No Monte das Sorraias, também na zona do Campo Branco, a nascente que matava a sede às 100 vacas de António Lúcio, de 55 anos, está quase seca e só já tem algumas poças de água, que já não serve para gado.

Para dar de beber às vacas, António Lúcio tem que percorrer, dia sim, dia não, seis quilómetros para ir buscar água numa cisterna móvel a um furo.

“Tenho esperança de que o furo vá aguentando, pelo menos nesta fase de mais calor”, diz António Lúcio, referindo que os agricultores estão “desesperados” com a falta de água para o gado.

José da Luz lembra que a AACB, no âmbito de um programa de apoio ao abeberamento de gado dos sócios, abriu furos, construiu açudes em ribeiras para reter água e comprou 30 cisternas móveis para os agricultores transportarem água em tempos de seca.

“Temos combatido um pouco o problema com estas medidas” e recorrendo a bombeiros para transportar água, mas, atualmente, “a situação é grave”, frisa José da Luz, indicando que alguns açudes, como o de Entradas, secaram, e as cisternas não chegam para as necessidades.

A AACB já fez um acordo com os Bombeiros de Castro Verde para abastecerem as explorações com “necessidade muito urgente de água” a preços “mais em conta, atendendo à situação tão grave”, e vai falar com outras corporações do Campo Branco para que também “possam acudir aos agricultores em caso de urgência”.

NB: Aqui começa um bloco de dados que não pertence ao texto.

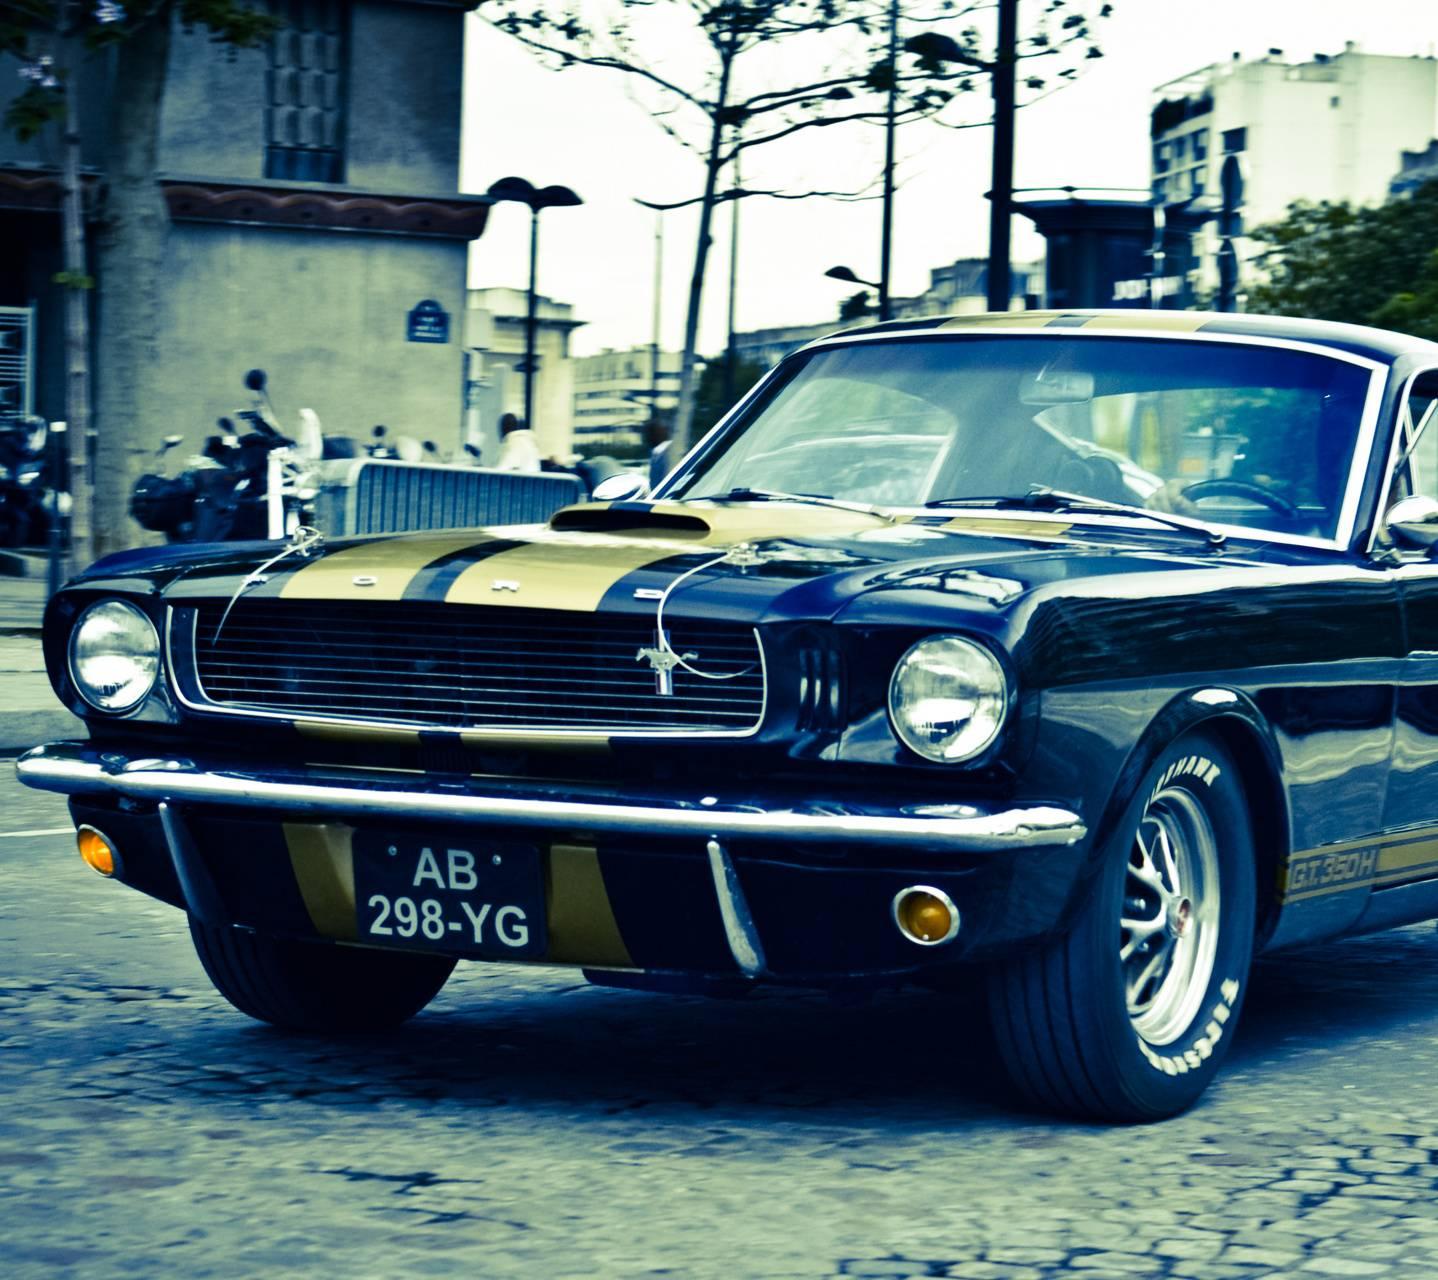 Black Sexy Mustang
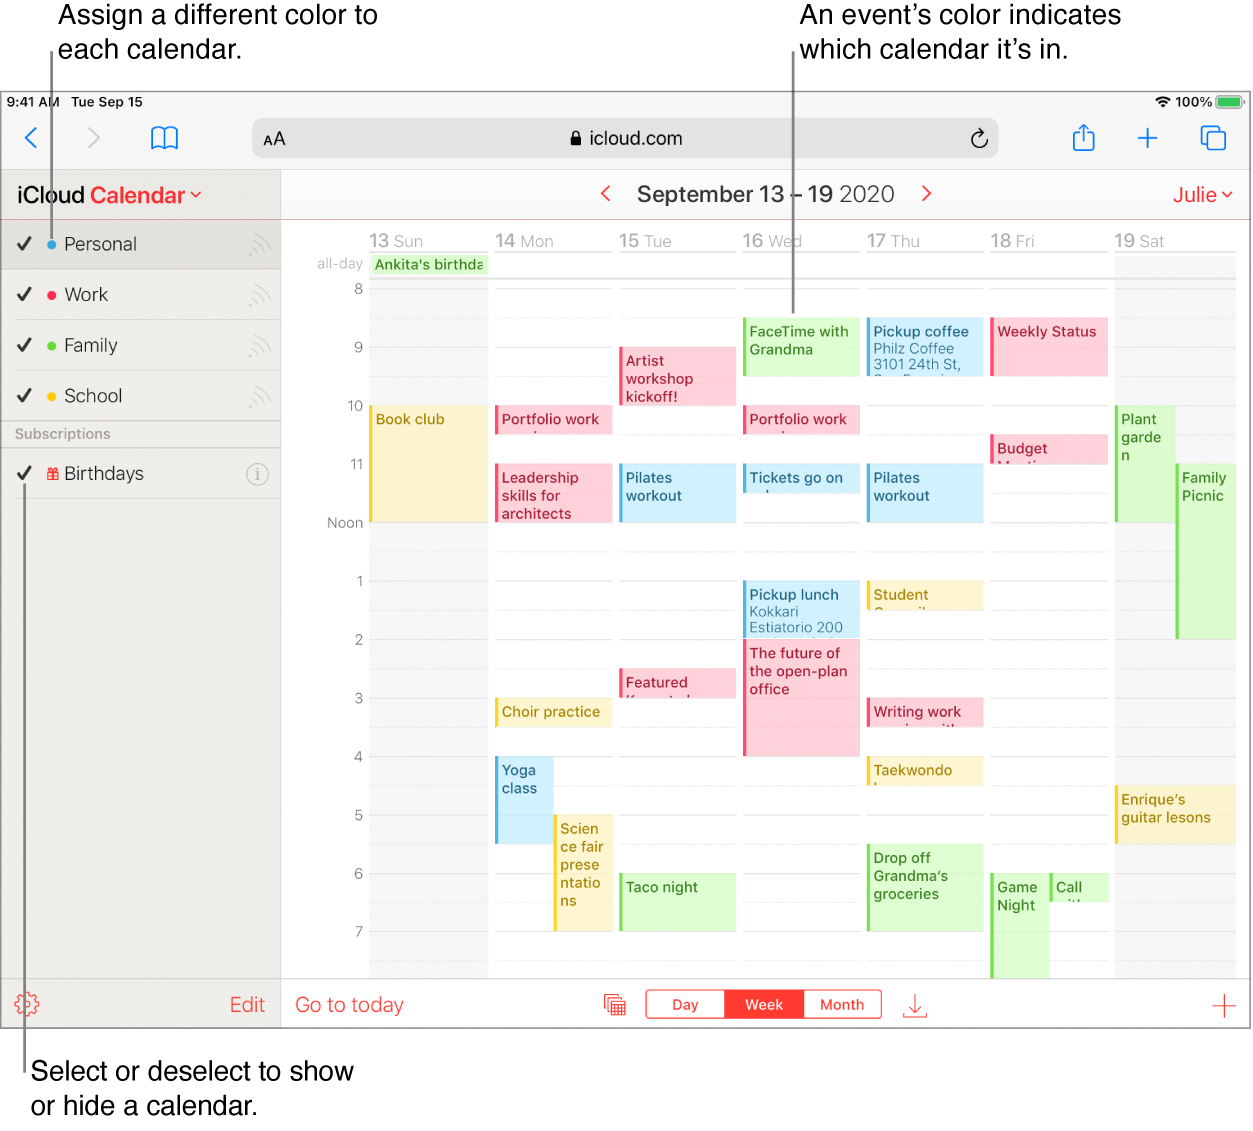 Ventana Calendario de iCloud con varios calendarios visibles. Asigna un color diferente a cada calendario. El color de un evento indica a qué calendario pertenece. Selecciona o anula la selección de la marca de verificación para mostrar u ocultar un calendario.

A situação já levou a Federação das Associações de Agricultores do Baixo Alentejo (FAABA) a pedir ajuda ao ministro da Agricultura, Luís Capoulas Santos, que se mostrou disponível para lançar uma medida de apoio a pequenos investimentos nas explorações agrícolas, como a abertura de furos de água.

“O que está em causa agora é poder abrir furos, arranjar alguma água onde quer que esteja”, explica à Lusa o presidente da FAABA, Rui Garrido, salientando que se trata de “ajudas relativamente pequenas”.

No entanto, observa, “parece que há dificuldade em colocar a medida no terreno”, e, se não for possível aplicá-la, aponta-se para “ser decretado o estado de calamidade na zona e por aí haver uma ajuda”.

Aos agricultores resta aguentarem-se como podem e esperarem pela tão desejada chuva e por alguma ajuda do Governo.

“Para repor o que falta de água, é preciso vir uma invernada daquelas que tudo tem de transbordar. Esperamos que ela venha, venha a água que vier, mas que venha rapidamente, porque só assim se pode ter alguma esperança”, remata José da Luz.